# 48V v/s 120V



## PStechPaul (May 1, 2012)

I'll reply the same as in my PM:

Well, the motor is designed for 48VDC and that's what the chart shows:
http://hpevs.com/Site/images/jpeg/power-charts/pdf/ac20_48v_650a_imperial.pdf


I assume this is an AC induction motor and it should be possible to overclock it to 3x at 6000 RPM with 144V where it should draw the same current and provide the same torque but 3x the HP. However There will probably be more losses and less efficiency, and their controller is apparently not designed for the higher voltage. It seems that it provides a peak output of 25 HP at 2000 RPM at about 650 amps and 45 volts, which is 29.2 kW or 39 HP, indicating a rather poor efficiency of 64%. 

I did not find data on the AC-20 at 120V.

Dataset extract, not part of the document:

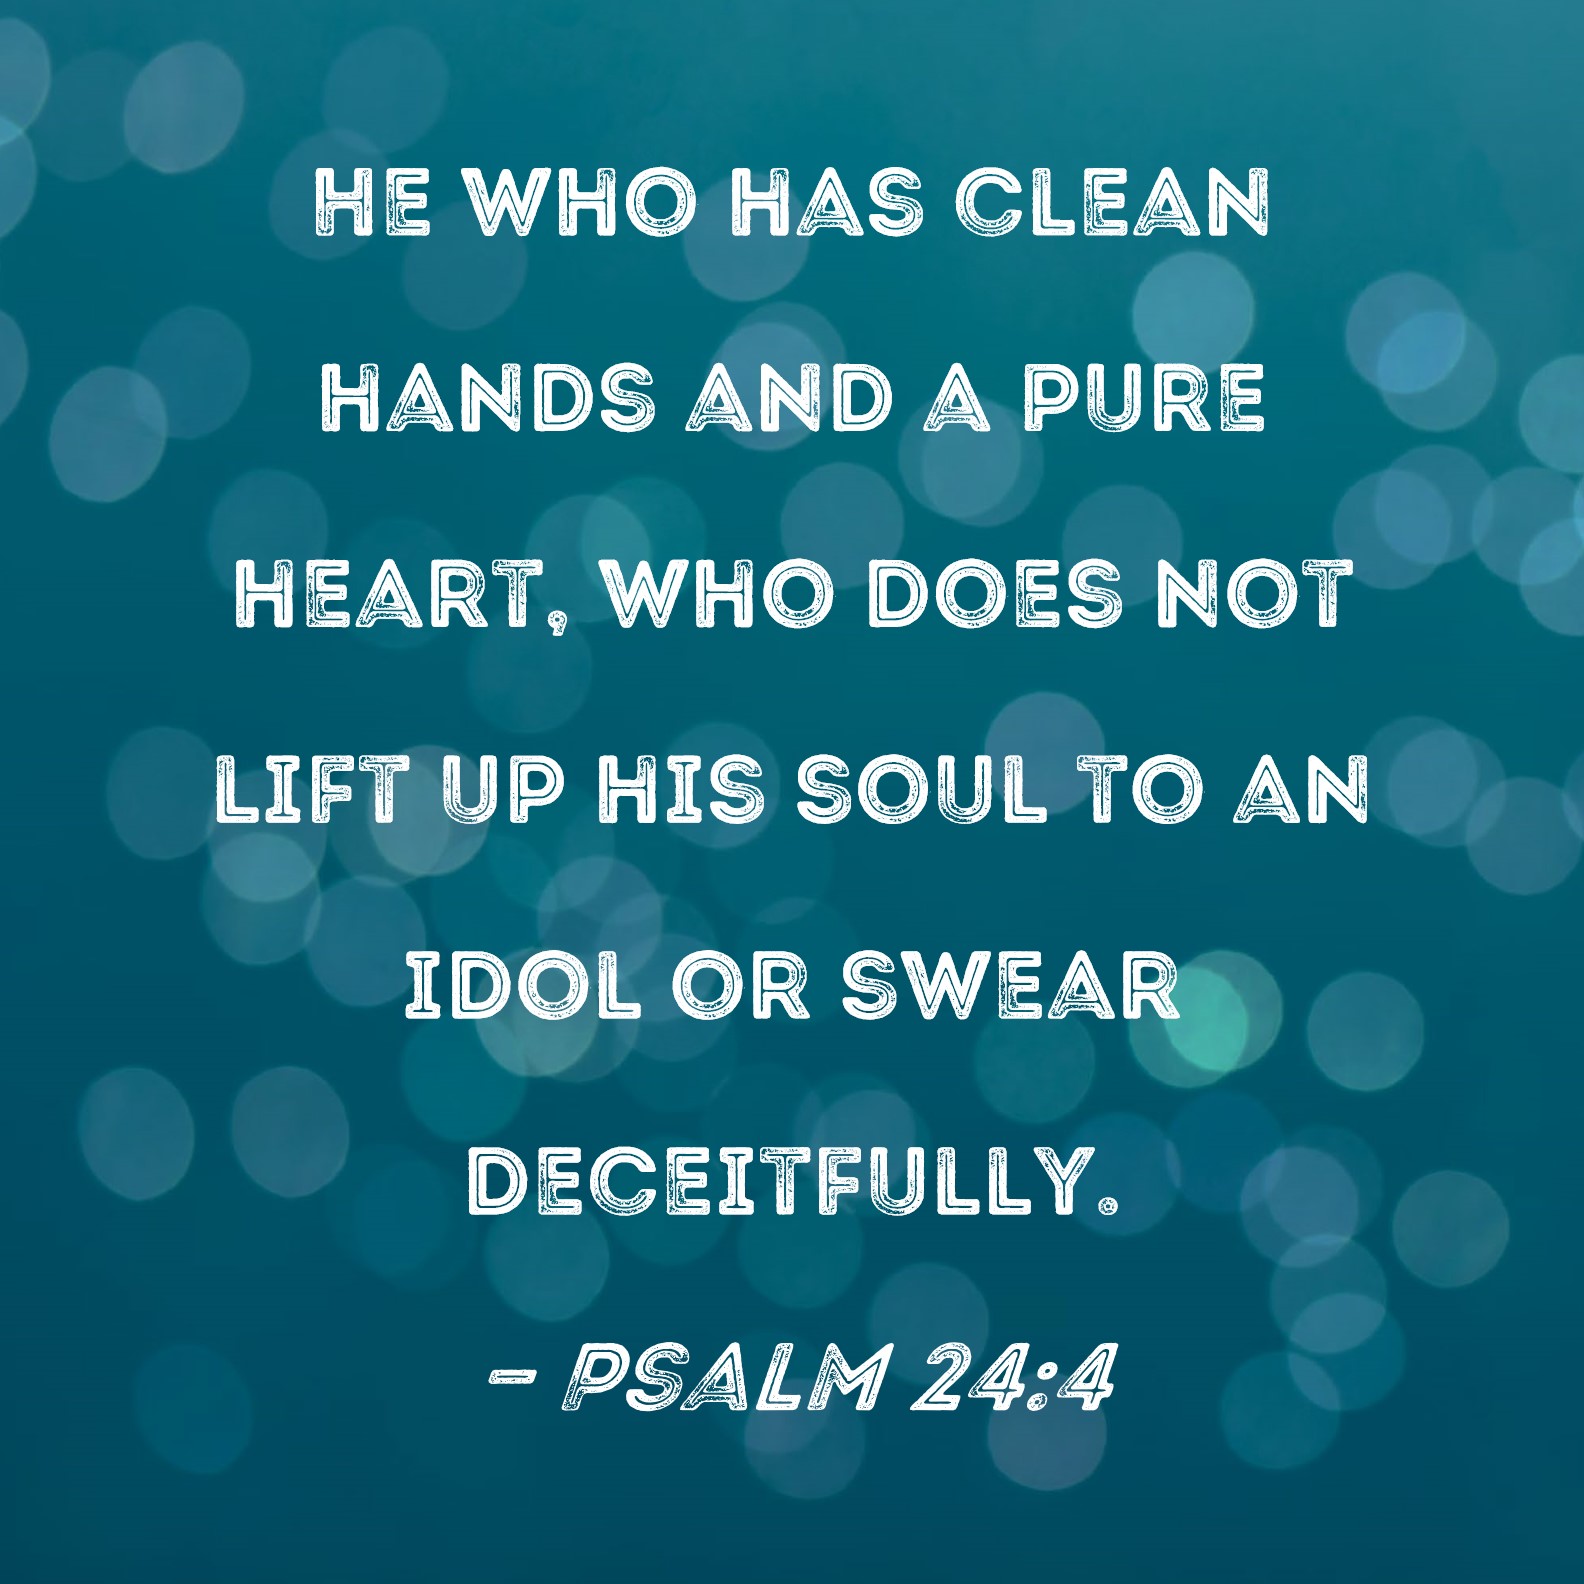 clean hands and a pure heart

The motor is designed for motorcycles and golf carts and not for full size passenger EVs, much less executive sedans. It is only a 60 pound motor, after all. That's about the weight of a standard 5 to 10 HP induction motor. You will either have to work with a motor manufacturer to get the specifications you really need, or invest in a motor designer who might be able to do better for less, or rewire a standard motor for a power boost. But you're not going top do much better than the AC-50, which is rated at 73 HP and is only 115 lb:
http://hpevs.com/catalog-ac-50.htm


That's probably about half of what you want for an executive sedan or limousine. You might start with a high efficiency 40 HP standard ACIM and boost it to 120 HP, and it will be about 300-400 pounds.


----------



## major (Apr 4, 2008)

kishor5466 said:


> As torque *rpm =power if the motor can give greater rpm and torque at 48V then how is that it gives only 25 HP of power??


That system has a limit of roughly 500A and 45V. That is 22.5 kW input power. 



> Or is it as below i have explained
> 
> The power speaks of how faster the motor can give energy to the systems .Hence though the torque at 48 V is greater and the peak rpm is equal to that of 120V , the motor can't give 50Hp of power at 48 V because the time taken by the motor to reach the required RPM at given torque is more , hence the power is lesser since power is energy by time...
> 
> ...


These motor performance specs are given at steady state conditions. So the time it takes to reach speed does not enter into it.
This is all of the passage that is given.